Rishi Reddi, photo by Sharona Jacobs |
Rishi Reddi is the author of the new novel Passage West. She also has written Karma and Other Stories, and her work has appeared in a variety of publications, including The New York Times Magazine and the Asian American Literary Review. An environmental attorney, she lives in Cambridge, Massachusetts.
Q: How did you come up with the idea for Passage West, and
for your characters Ram and Karak?
A: I had the idea long ago in 1989—I was in law school and
we were reading constitutional law cases from the era when we were deciding who
was going to be a citizen, in the 1910s and 1920s. The court decided it on the
basis of whether somebody was a Caucasian.
One case was U.S. vs. Thind, in which Indians were
considered Caucasian but not white. There were a number of cases involving
Japanese, Armenians, Syrians.
My parents came [to the U.S.] in the late 1960s and so did I—I was born in
India. To have found a whole wave of Indians who came in the 1910s was a real
revelation for me. It took a long time—I needed to learn how to write!
For the characters, I wanted to describe two types of
immigrants.

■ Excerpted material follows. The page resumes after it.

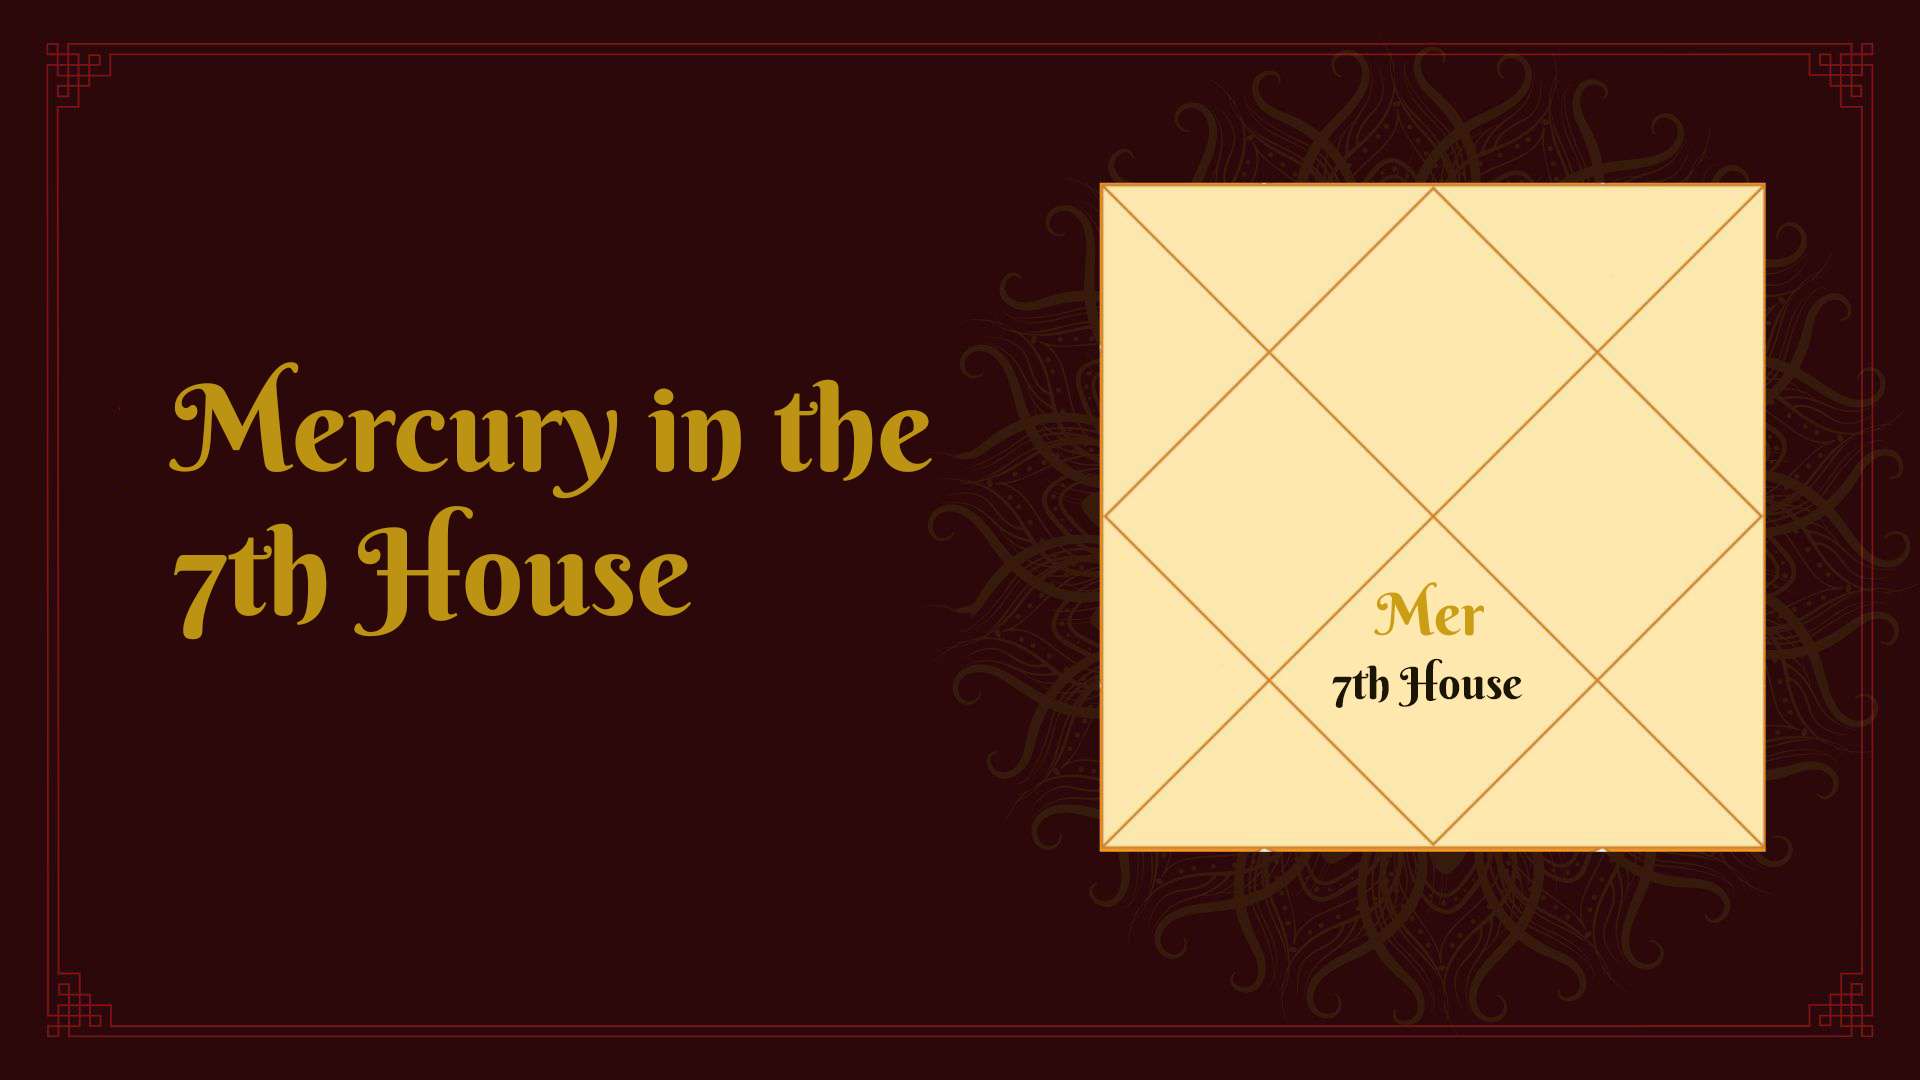 Effects of Mercury in the 7th house

One was gung-ho about being a new American; the other was a little
more hesitant and sentimental about where they came from. I saw this play out
among family members in real ways. [The characters] were composites.
Q: Given the focus today on immigration, what do you hope
readers take away from this novel set 100 years earlier?
A: We often by default take the demographics of the United
States for granted and don’t recognize it as a conscious and consistent
application of some laws that created the America we know today. It was
calculated and not race-neutral. I wanted to heighten awareness of that.
America as we know it [was created by] those lawmakers 100 years ago and
before, and the people they catered to.
I grew up thinking the country doesn’t belong as much to me,
but it matters that there was a South Asian contribution. Despite the fact that
I’ve worked for the government and been a lawyer, I had a feeling I don’t
belong here as much. Writing the novel [contributed to] that journey for me.
Q: Did you know how the novel would end before you started
writing it, or did you change things along the way?
A: Ram and Karak are composite characters based on real-life
events. The last thing in the book was a composite. I had a vague notion that
I’d be putting those characters together…[the ending] symbolized so many
things. How I got there was something I grappled with.
And I knew early on that I wanted that epilogue—I wrote it
early on, and it was very little changed. Emotionally, I knew I was heading to
that end.
Q: What are you working on now?
A: This took so much out of me—12 years of hard-core work.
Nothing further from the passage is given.